Film is not suited to explanations. There are other things for which it is much better suited. For example, a good explosion is worth a thousand words. Is there any writer who can provide a really exciting description of an explosion?

I can think of a couple other reasons why technobabble exists in filmed science fiction. Actually, I am thinking of two other examples, that come down to just one reason: other things are more important. Or, in a single word, time.
  1. Before a book gets published, it is read by at least one editor. Part of an editor's job is to say, "This bit doesn't make any sense." That is how technobabble gets eliminated, because the writer does not usually have anything better to do than to fix it. A book is only a book -- it only exists as words. Film is much more complicated -- you have to have a script, actors, cameras, locations -- and for science fiction, you have to have lots of special effects work. The scriptwriters may be able to spend their whole time working on the script, but that doesn't mean that everybody else can wait for them. (And who cares about the explanations anyway? We want to watch stuff blow up!)

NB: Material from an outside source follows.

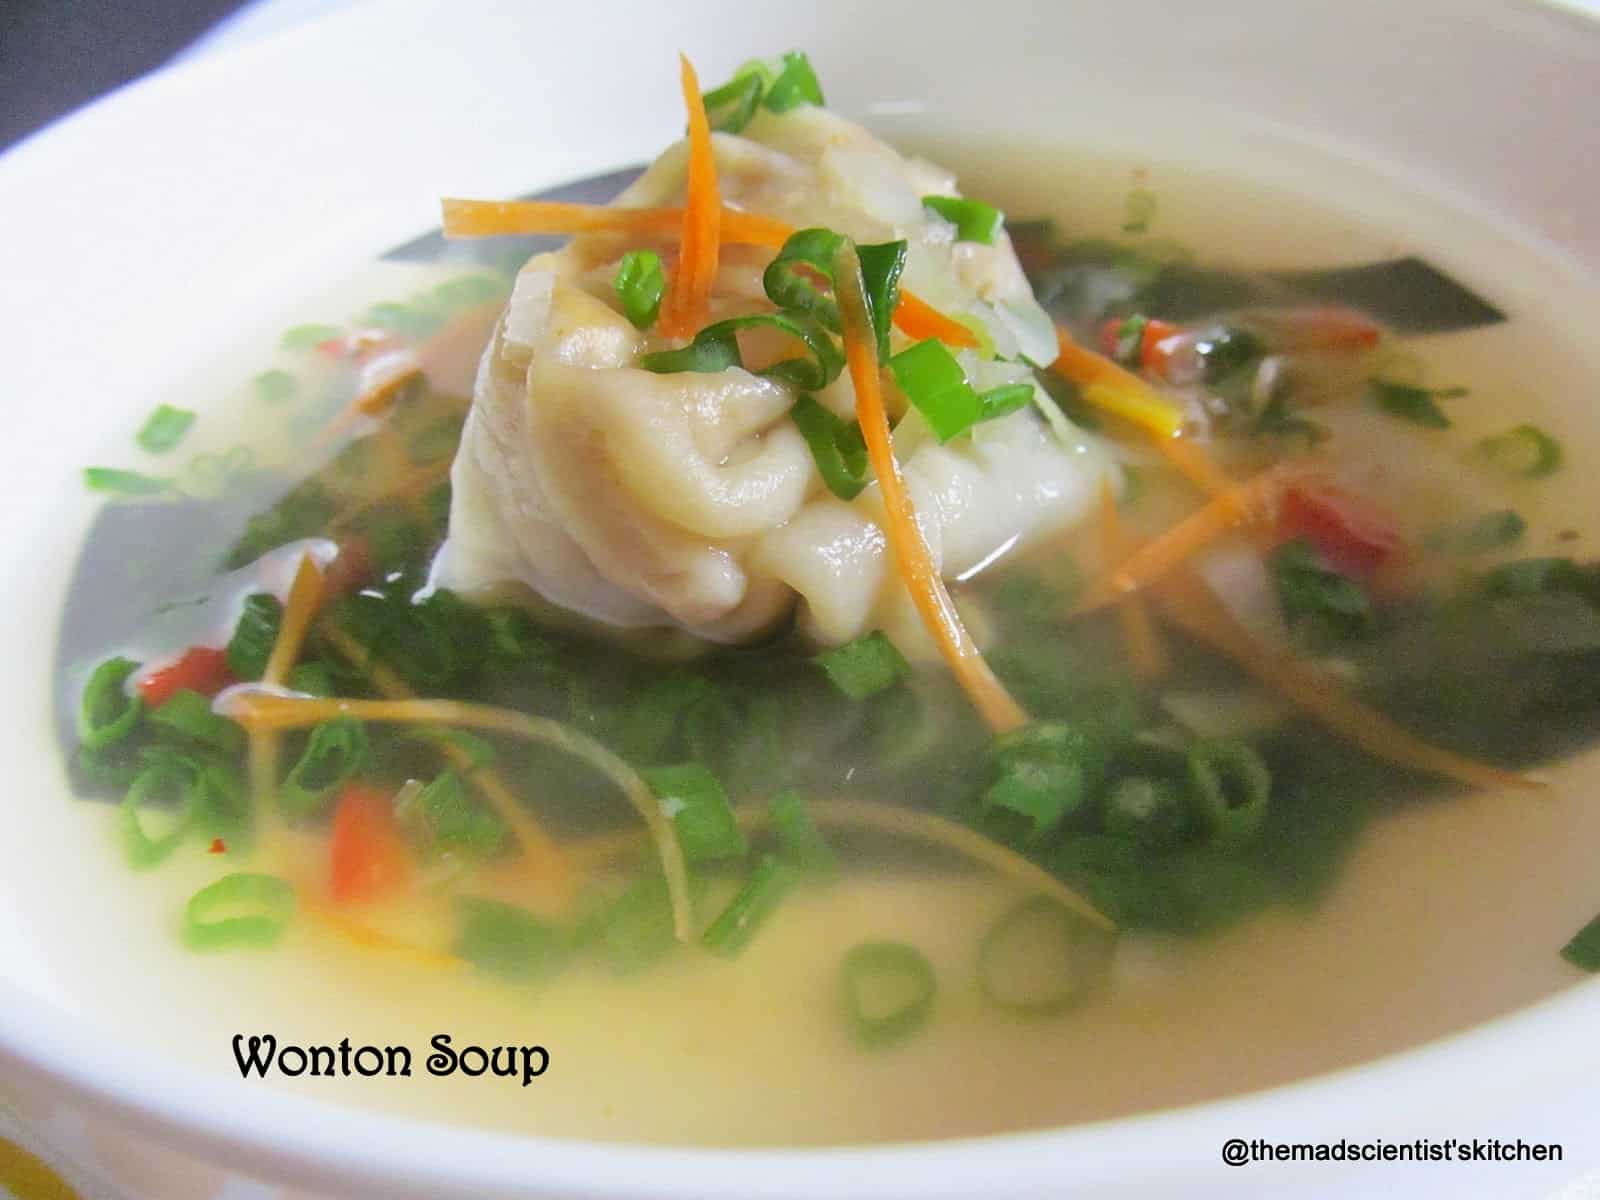 Vegetarian Wonton Soup that I had made ages ago still remember the taste.

  2. I mentioned above that technobabble is often used as an explanation of "why the ship they're traveling in is about to fall apart." This kind of situation happens much more frequently in science fiction film than in books. In fact, off the top of my head I can't think of a book (or short story) where it is a major plot point. But in SF television it happens a lot. This may be called lazy storytelling. But if you are required to come up with a new story every week -- if they all have to be exciting, reasonably original and, most important, come to an end within 45 minutes (or 20 minutes, for a half-hour show), then you have to rely on certain shortcuts. And technobabble is one of them. So is causing your ship or other gadget to perform beyond its previously rated abilities, possibly resulting in the destruction of said ship or gadget. That's entertainment!
One other thing: I don't mean to imply that the people who write these scripts are ignorant of science, or don't bother to make the technobabble plausible. I believe that in many cases they do make an effort. But after all, any genuine technical explanation, complete and accurate, is mindnumbingly boring to people who are not experts in the field. In the final analysis, it really is not worth it.

* Then there is the question, "what's the difference between pseudo-science and science fiction?" I believe that some people think there is no difference, and as a true SF fan I am naturally grieved and offended by it. But I don't seem to have time at present to correct their false assumption.